■ Data segment:
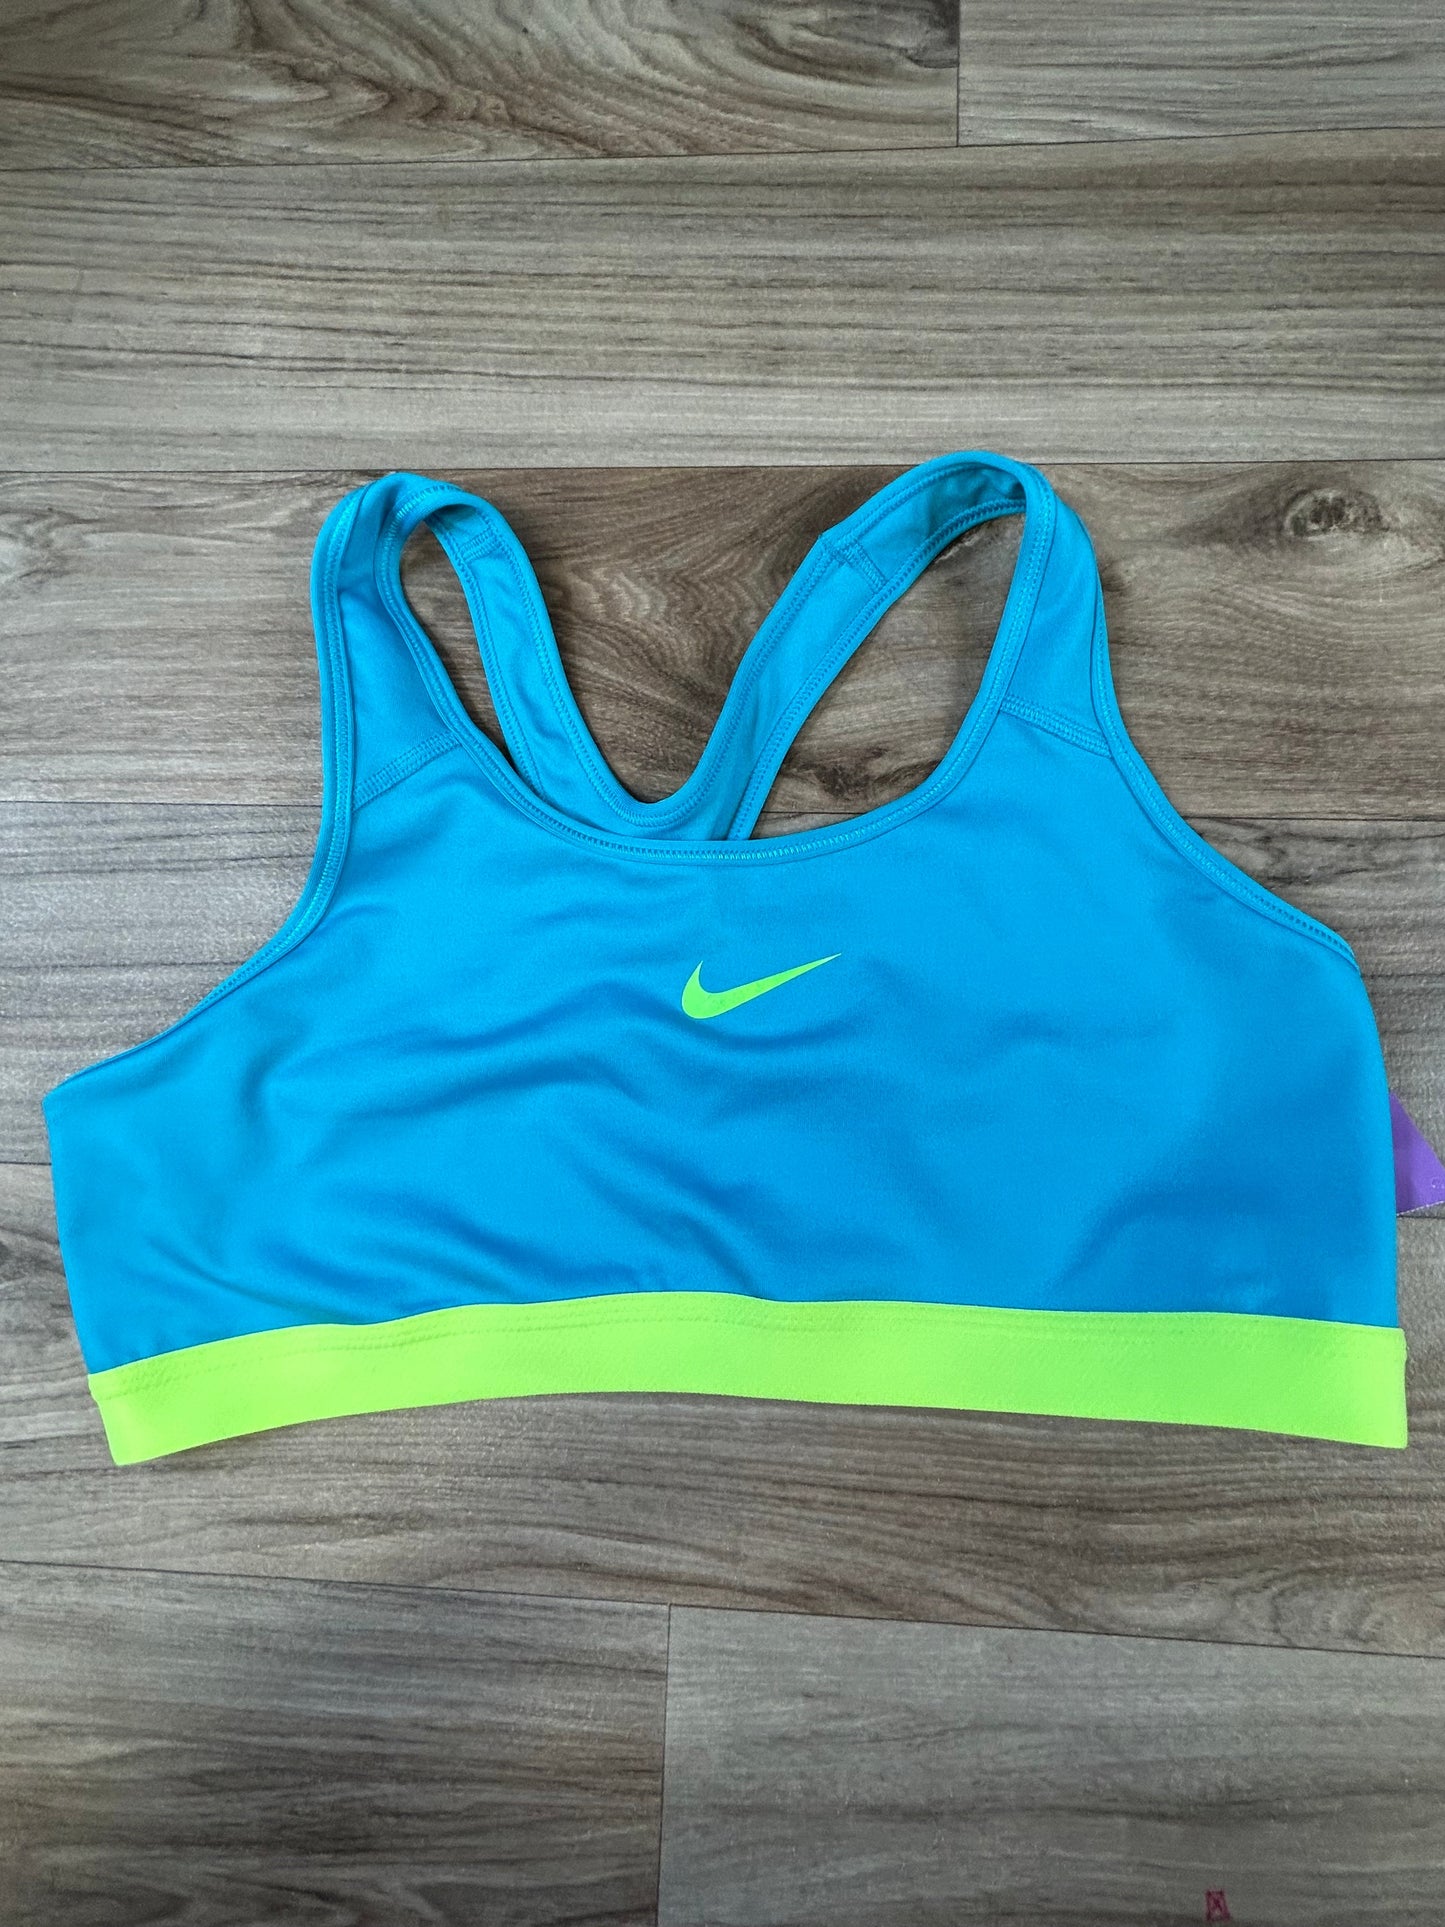 Blue & Green Athletic Bra Nike Apparel, Size Xl
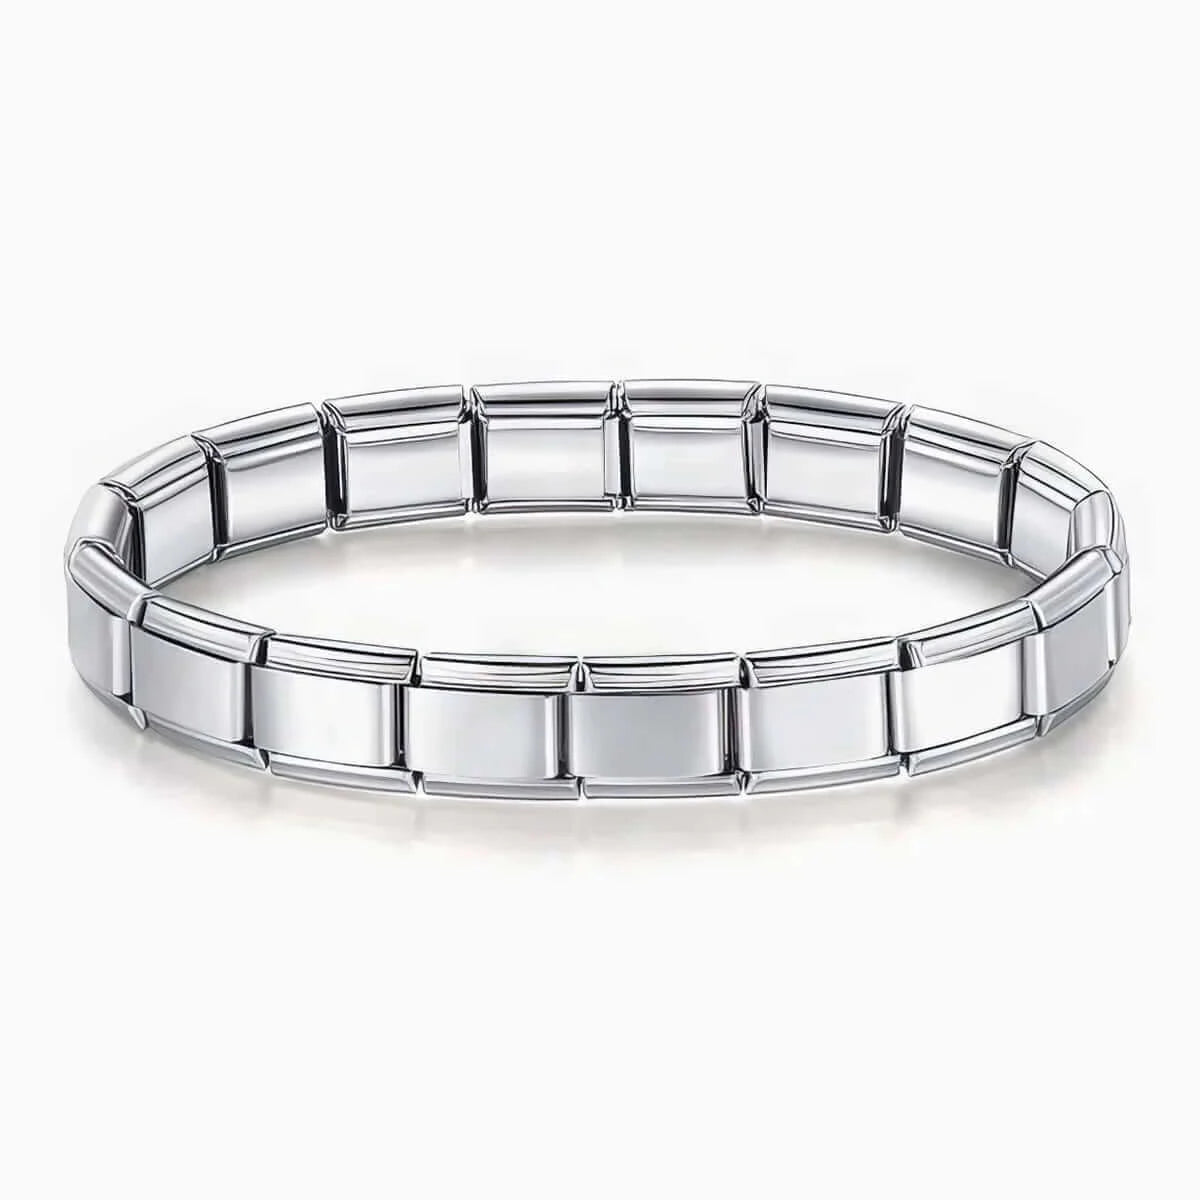 Geoffrey Beene Stainless Steel Double Franco Chain Bracelet - 9850650 | HSN
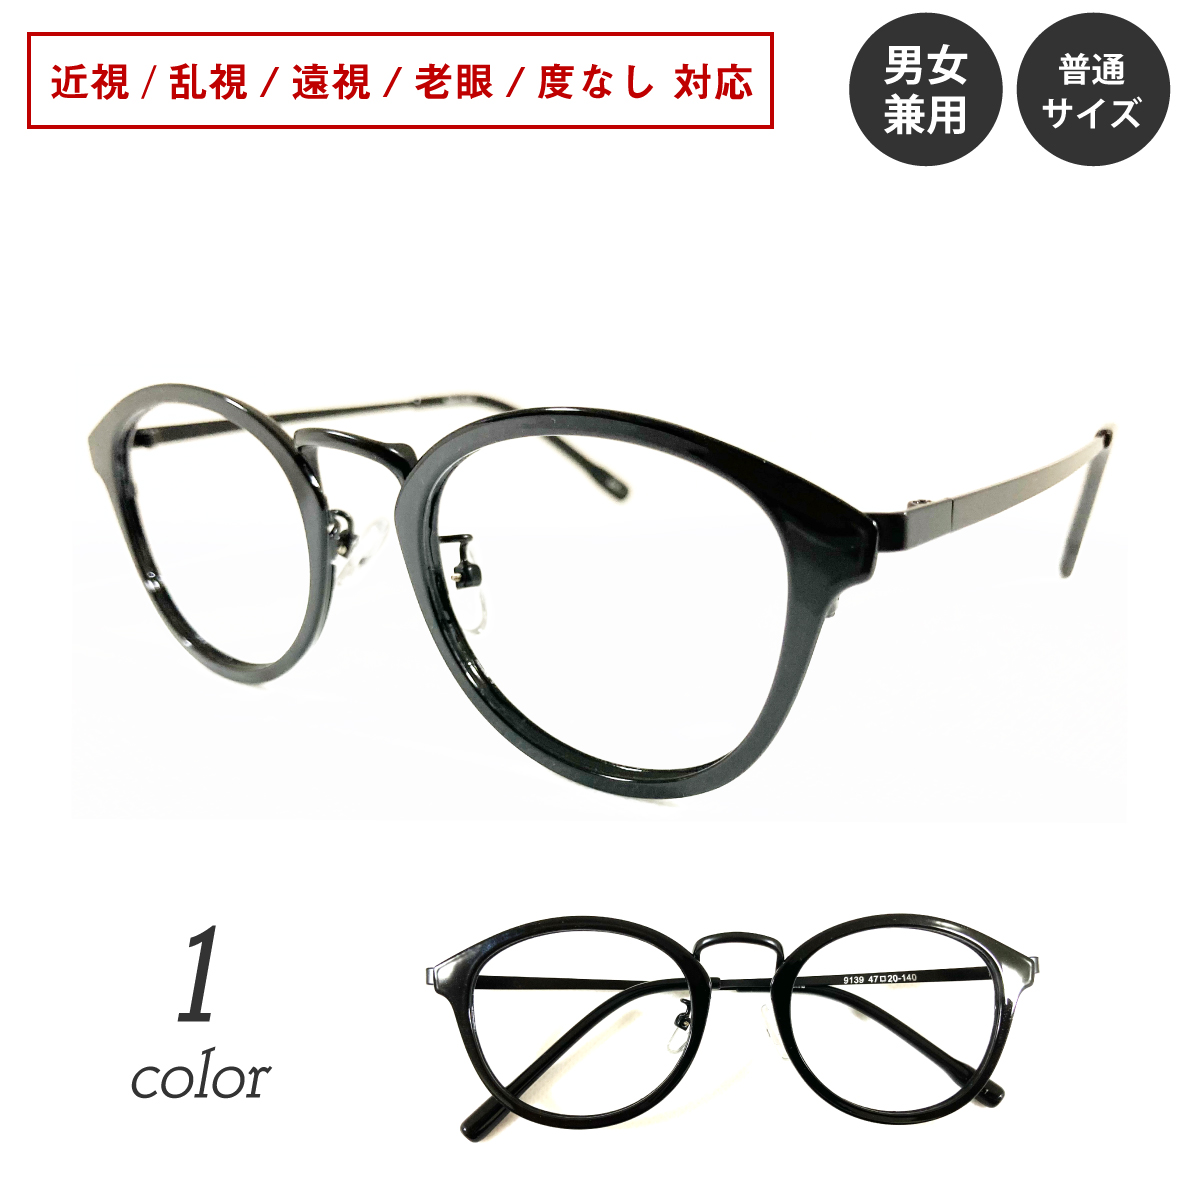 1494円 ついに再販開始 メガネ 度付き レディース ボストン メンズ 眼鏡 度付きメガネ おしゃれ 鼻あて メタル コンビ クラシック メガネケース メガネ拭き セット レンズ代込み
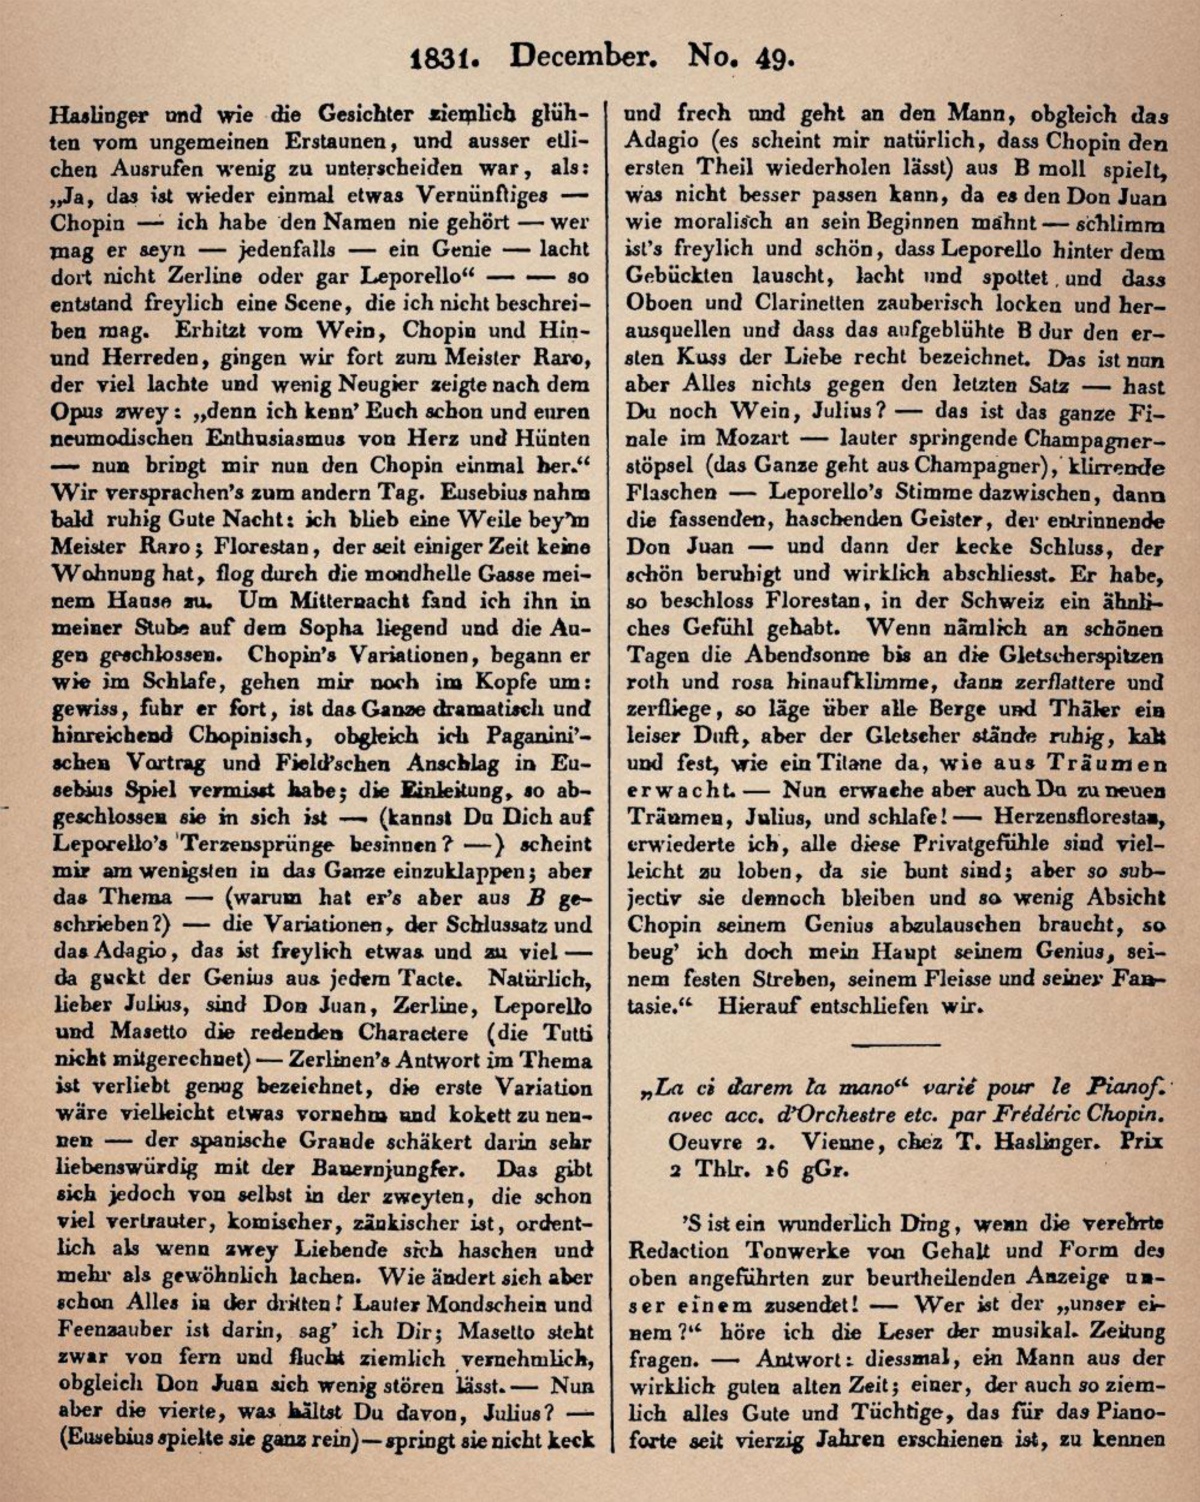 Texte de Robert Schumann sur l'opus 2 de Chopin publié dans l'«Allgemeine Musikalische Zeitung» du 07 décembre 1831

■ Try it: Write every line above again exactly, but leave the pictures out.

■ Reply:
 Blue & Green Athletic Bra Nike Apparel, Size Xl
 Geoffrey Beene Stainless Steel Double Franco Chain Bracelet - 9850650 | HSN
 1494円 ついに再販開始 メガネ 度付き レディース ボストン メンズ 眼鏡 度付きメガネ おしゃれ 鼻あて メタル コンビ クラシック メガネケース メガネ拭き セット レンズ代込み
 Texte de Robert Schumann sur l'opus 2 de Chopin publié dans l'«Allgemeine Musikalische Zeitung» du 07 décembre 1831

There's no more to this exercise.